Hardware Config: We ran SP1 zkVM on a rig with 2 Intel Xeon Platinum 8558 CPUs (96 cores, TDX enabled), 2TB RAM, and 8 NVIDIA H200 NVL GPUs—each with 141GB memory and 4.8TB/s bandwidth, set to Confidential Computing mode. For the test, we used a VM with 8 CPU cores, 32GB RAM, and a single H200 GPU pass-through.

Software Config: Our dstack SDK (built on private-ml-sdk and dstack) let us run Docker images in the TEE without tweaks. We pulled Succinct’s zkvm-perf codebase, updated via this PR.

For comparison with AWS hardware performance, we used Succinct's existing SP1 benchmark data.

What We Learned

H200 brings privacy and verifiability to SP1 with low overhead, while providing ample computational power and memory to support larger, more complex zkVM computational payloads.

The numbers tell a clear story:

  • Overhead Trends: TEE overhead—mostly from encrypted CPU-GPU data transfers—drops below 20% as workload complexity rises. It’s a fixed cost, so longer tasks dilute it. For lighter jobs, pipelining can trim it further.
  • Memory Usage: The H200’s 141GB memory was underutilized, averaging 10% across tests. That’s a lot of headroom for bigger circuits or datasets.
  • Performance Edge: Against AWS G6 (L4 GPU), the H200 pulls ahead on heavier workloads, balancing TEE security with raw power.
Figure 1: Performance comparison showing decreasing overhead on larger workload
Figure 1: Performance comparison showing decreasing overhead on larger workload
Figure 2: TEE performance overhead over AWS G6 2xlarge
Figure 2: TEE performance overhead over AWS G6 2xlarge

You can dig into the raw data here. The H200’s specs—3341 TFLOPS (INT8), 4.8TB/s bandwidth—make it a beast, and TEE mode doesn’t choke it as much as you’d expect.

Hardware Costs in Context

The H200 packs 6x the memory and compute for 3x the cost. If your workload leans on memory or scales up, it’s worth considering—especially with TEE baked in.

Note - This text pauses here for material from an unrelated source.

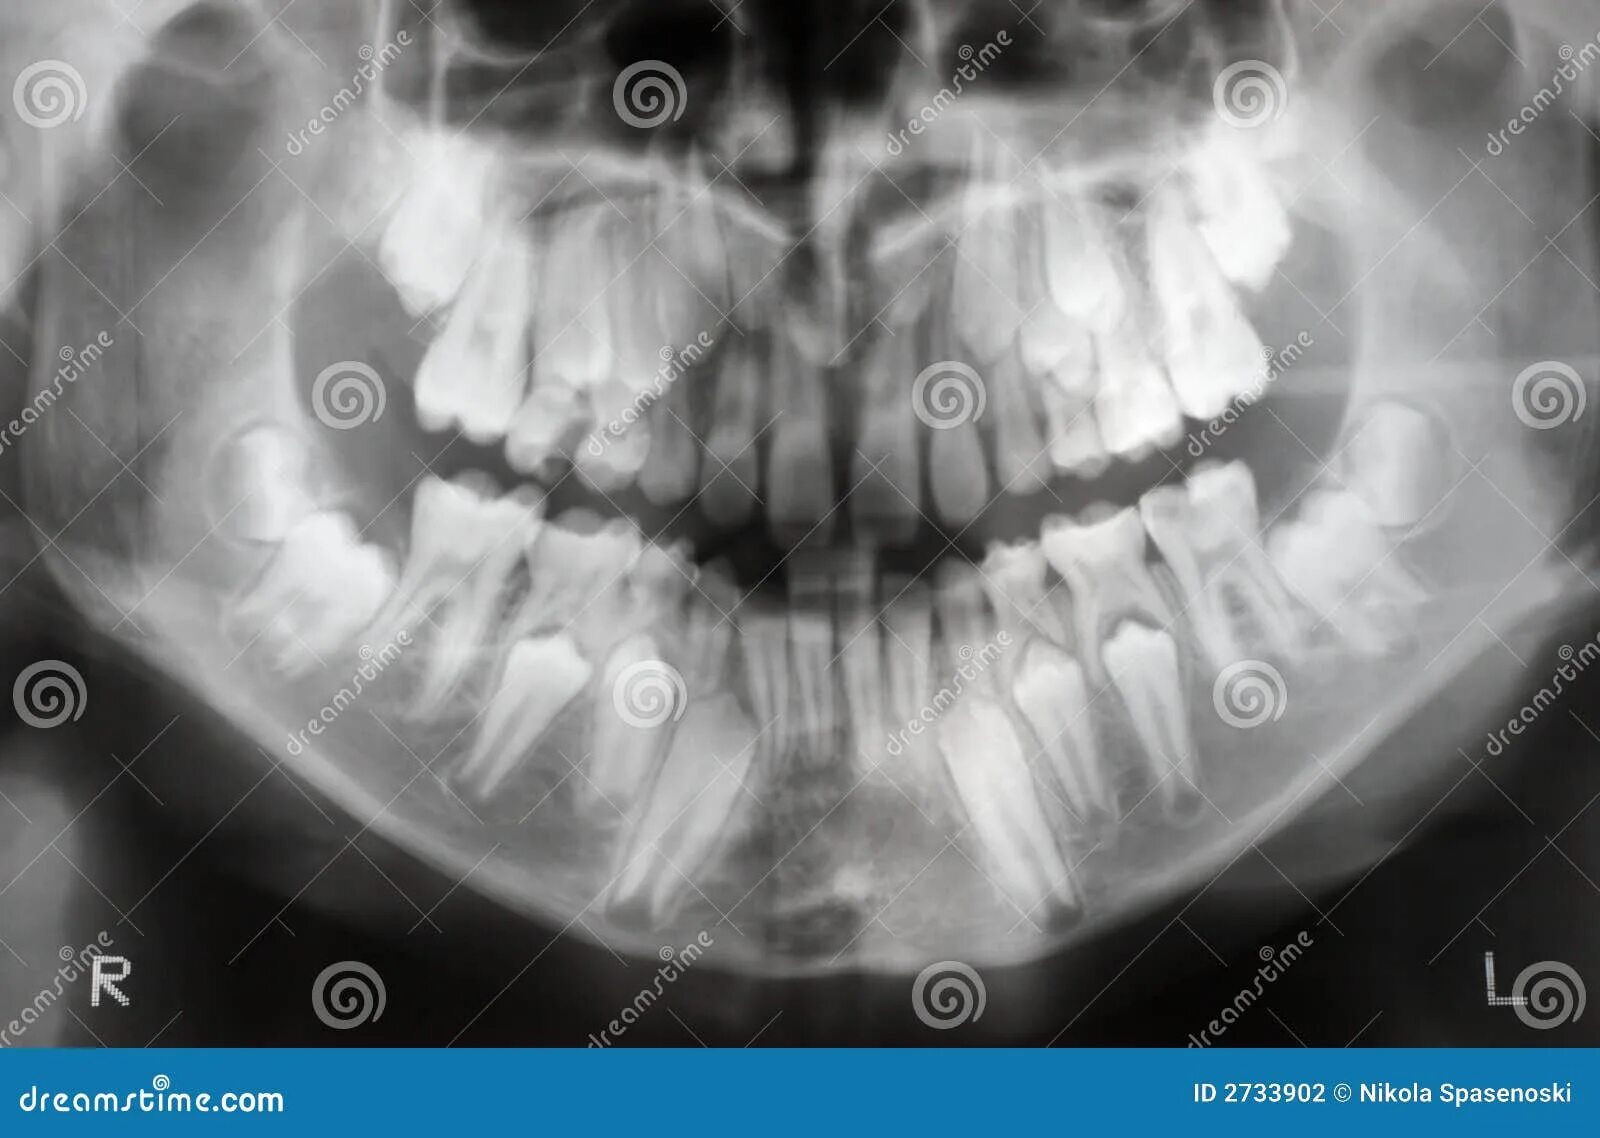 Детский череп рентген. Экзостоз кости челюсти. Смена молочных зубов у детей рентген. Экзостоз верхней челюсти рентген. Снимок черепа ребенка с зубами.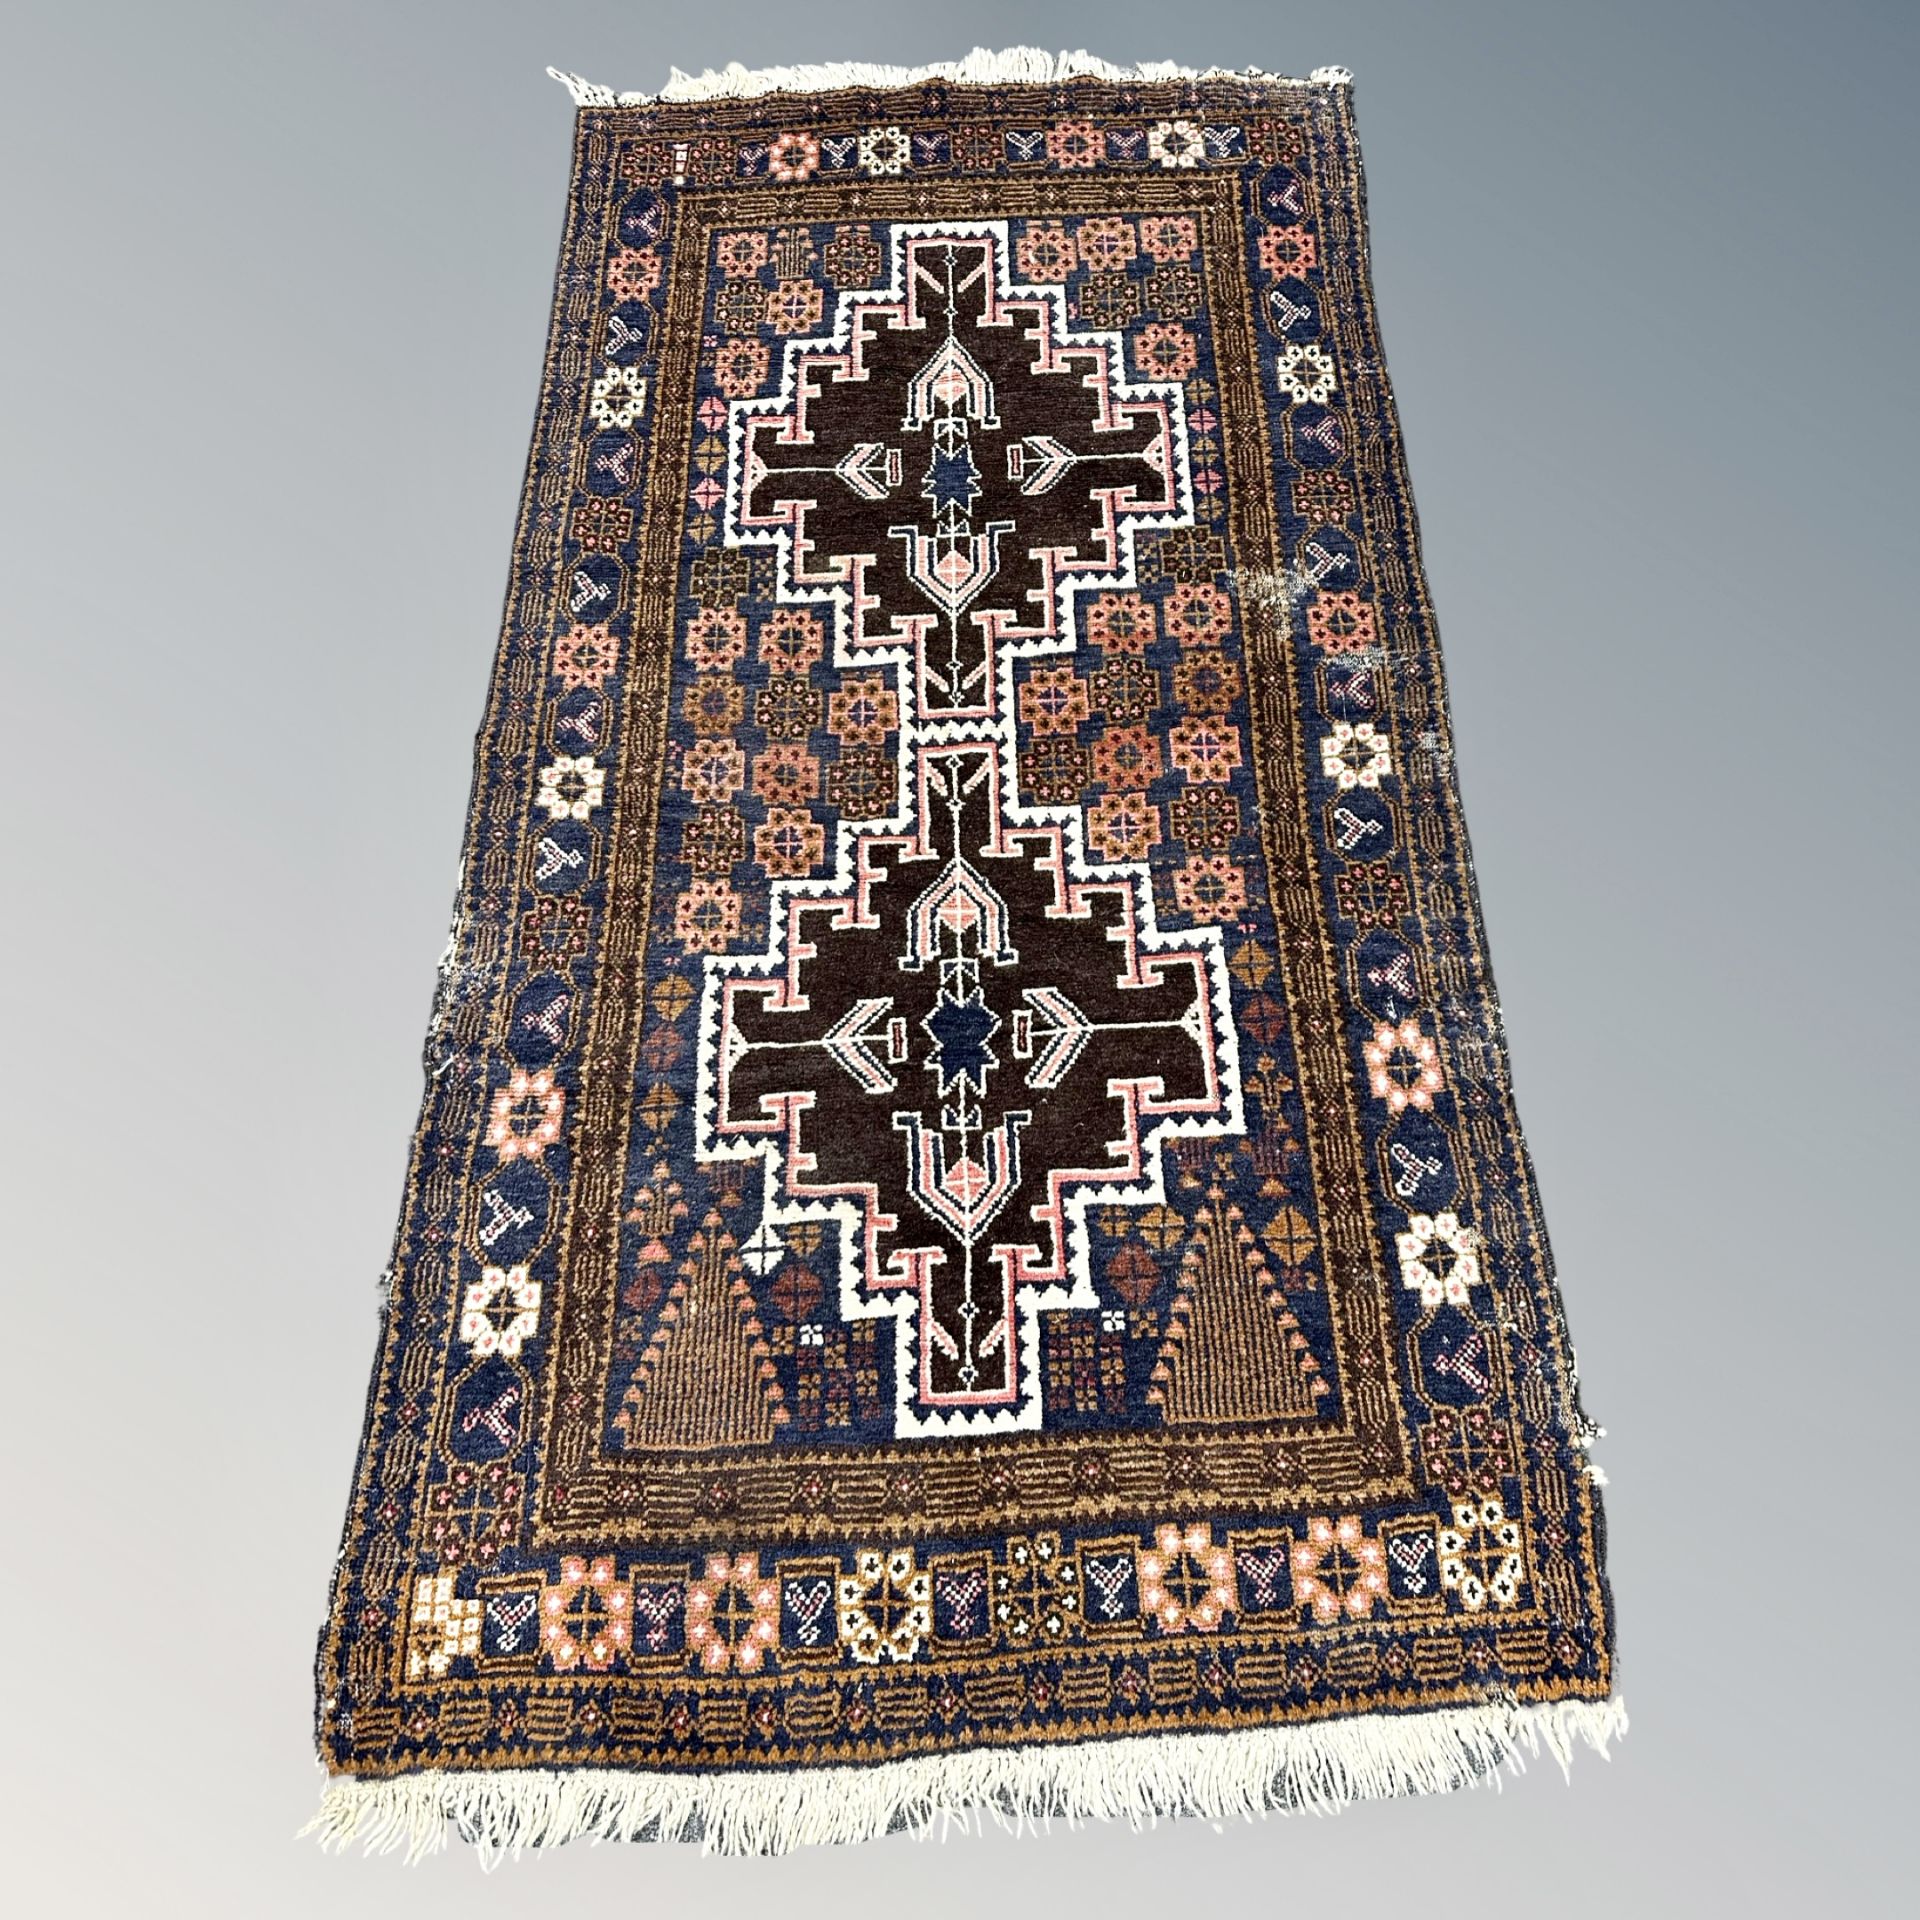 An antique Afghan/Caucasian rug, circa 1900,

Here’s a quick look at the H200 versus AWS G6’s L4:

When evaluating the practicality of this approach, cost is an important factor. While the H200 represents the high-end of NVIDIA's GPU offerings, the cost-performance ratio remains favorable for many use cases:

GPU ModelMemoryBandwidthCompute (INT8)Hourly Cost
H200 NVL141GB4.8TB/s3341 TFLOPS$2.5
L4 (AWS G6)24GB300GB/s485 TFLOPS$0.805

H200 offers approximately 6x the compute power and nearly 6x the memory of the L4, at roughly 3x the cost, making it a cost-effective choice for memory-intensive and computationally demanding zkVM workloads. For many applications, the performance benefits and additional security guarantees justify the increased cost.

What This Means for Developers

For complex stuff—zkEVMs, rollups, or even ML inference—the low overhead makes TEE-enabled H200 a solid pick. The memory headroom hints at supporting larger circuits or multi-workload setups. We’ve seen it work firsthand with SP1, and our research paper dives deeper into TEE GPU behavior.

Phala Cloud’s also prepping GPU H200 support for now you can deploy your CVM in CPU TEE and test our TEE tech stack, you’ll soon be able to spin up zkVM workloads in a TEE without fuss. The dstack SDK on which the Phala Cloud TEE tech is derived from does the heavy lifting, letting you deploy as-is via Docker.

It’s not about selling you something—it’s about giving you tools to experiment with.

Use Cases to Explore

Here’s where it gets practical:

  1. Financial services: Process sensitive transaction data with both privacy and verifiability, enabling compliant yet confidential financial applications.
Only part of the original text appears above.